La demanderesse étant la partie perdante, elle doit supporter la taxe d’opposition ainsi que les frais exposés par l’opposante aux fins de la présente procédure.
Conformément à l’article 109, paragraphe 1 et (7) du RMUE et à l’article 18, paragraphe 1, point c) i), du REMUE, les frais à payer à l’opposante sont la taxe d’opposition et les frais de représentation, qui sont fixés sur la base du taux maximal qui y est fixé.

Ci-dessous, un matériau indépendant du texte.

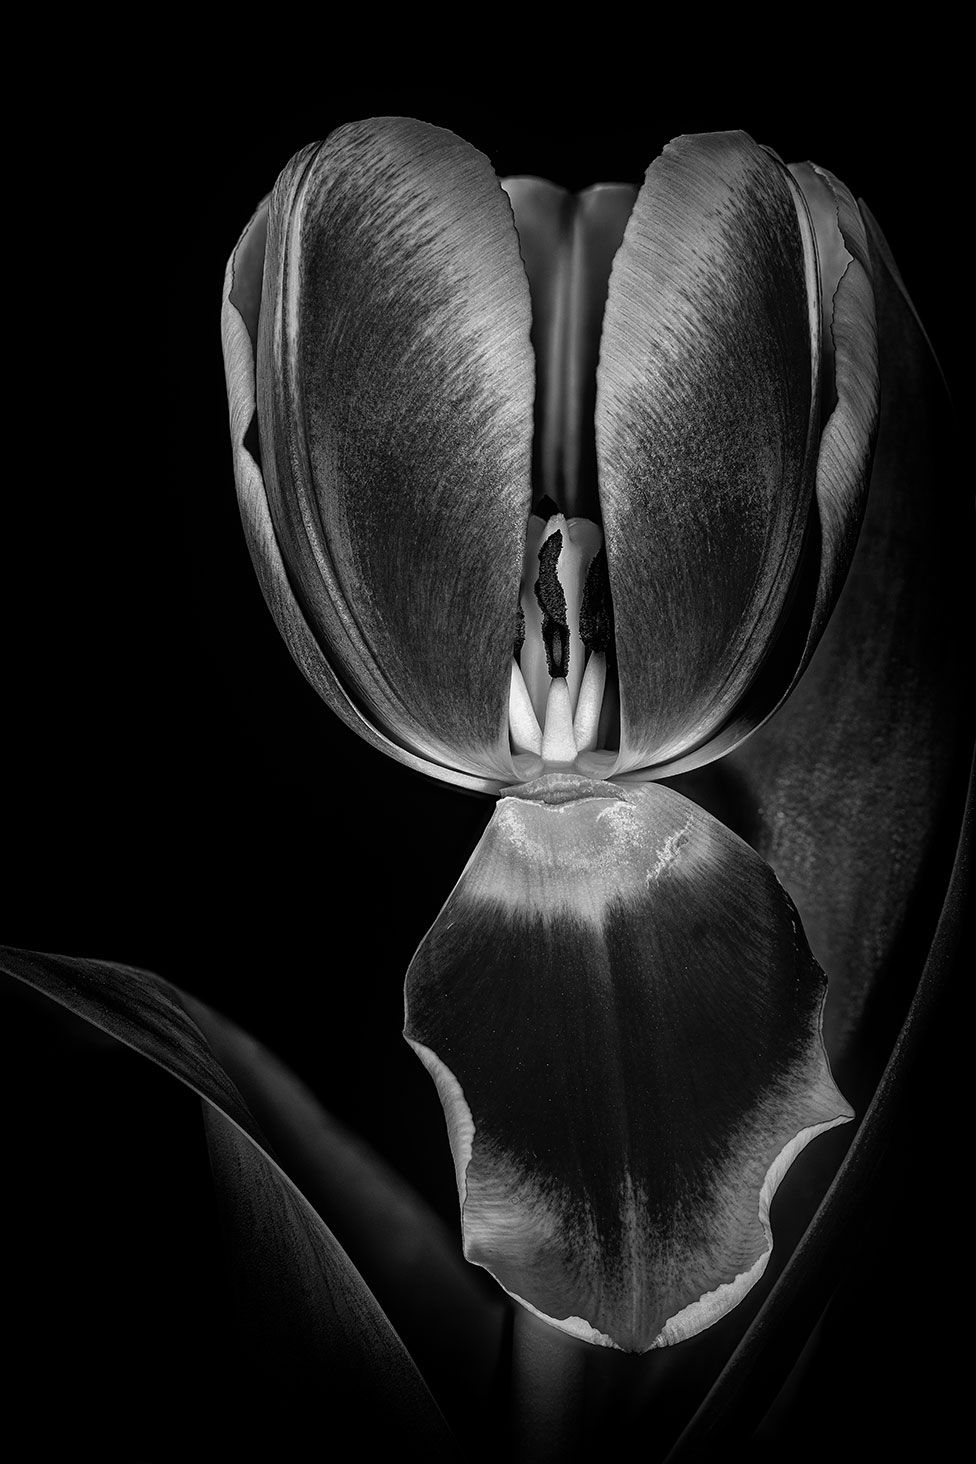 A close up image of a tulip flower

De la division d’opposition
Ivo TSENKOV Alexandra KAYHAN Judit CSENKE
Conformément à l’article 67 du RMUE, toute partie peut recourir contre cette décision pour autant que cette dernière n’ait pas fait droit à ses prétentions. Conformément à l’article 68 du RMUE, le recours doit être formé par écrit auprès de l’Office dans un délai de deux mois à compter du jour de la notification de la présente décision. L’acte de recours est déposé dans la langue de procédure de la décision attaquée. En outre, un mémoire exposant les motifs du recours doit être déposé par écrit dans un délai de quatre mois à compter de cette date. Le recours n’est considéré comme formé qu’après paiement de la taxe de recours d’un montant de 720 EUR.